I spent this week doing a lot of different things mostly pertaining to the device, in addition we did an end to end test.
Firstly, as I mentioned last week we decided to upgrade back to a Raspberry pi 5 from the Raspberry pi 4 we had been using because the Raspberry pi 4 was not delivering the performance we wanted. I spent a bit of time configuring the new Raspberry pi 5 to work with our code and with the speakerphone we bought last week. Once I got it working, I test the Text to Speech models which were the reason we made the switch in the first place. Piper TTS, which was what I had wanted to move forward with previously was a lot faster, but still had a noticeable delay even when streaming the output. I plan on doing more research on faster text to speech models, but for right now we are using Espeak, which provides realtime tts, albeit at worse quality.
In addition, I started to think about how a user would approach setting up the device when they first get it. Operating under the assumption that the device was not already connected to wifi, the user needed a way to access the frontend. This posed a challenge. I did some research and found a solution: Access point mode.
Wifi devices can operate in 1 of 2 modes at any given time. Client mode And access point mode. Typically for our devices we use client mode and routers use access point mode, but by leveraging access point mode we are able to allow the user to access the device frontend without a wifi connection.

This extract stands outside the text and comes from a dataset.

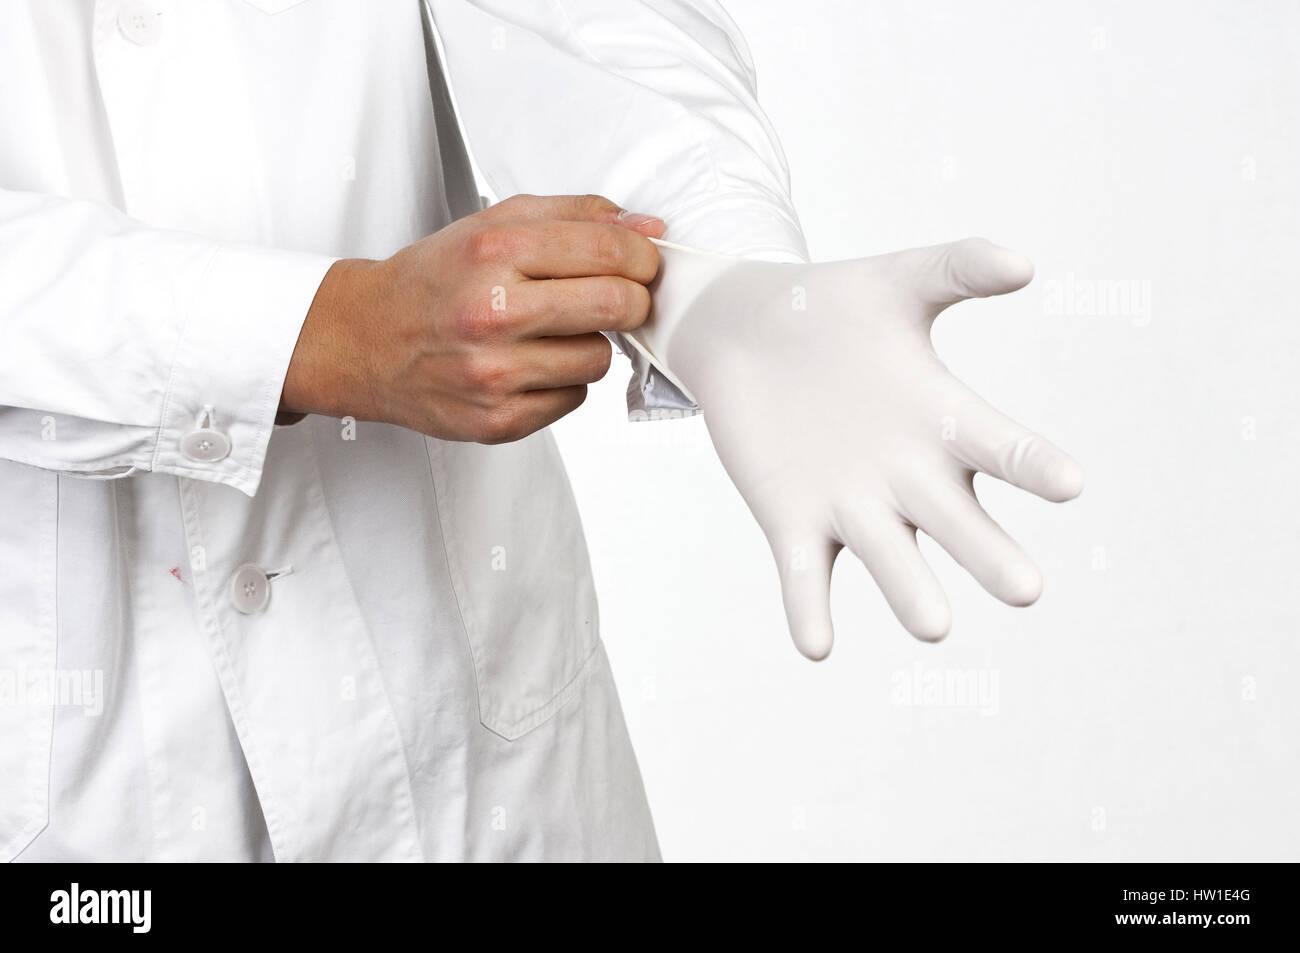 Protection against infections, Schutz gegen Infektionen - Stock Image

How this works is that when the device starts up and detects it is not connected to wifi it will activate access point mode. This emits a network that the user can connect to by going into the wifi settings and inputting a password. They then just have to go their browser and input the ip address/port where the flask server is being hosted. I have written scripts to automate starting up access point mode and turning it off, but more needs to be done to allow the device to detect it is not connected to wifi and use those scripts.
In the same vain of user experience, I configured the raspberry pi so that our scripts run on startup/reboot. This eliminates the need of a monitor to run the code, which is the way we envision users interacting with our project anyways.
Lastly, as a group we did a full end to end test with a cloud hosted open source model. We were able to test all our core functionalities, including regular LLM queries, music playback and alarms.
I don’t for see any challeneges upcoming and I believe we are on track. This upcoming week will be spent researching more TTS models, allowing the device to detect that it is not connected, and error handling.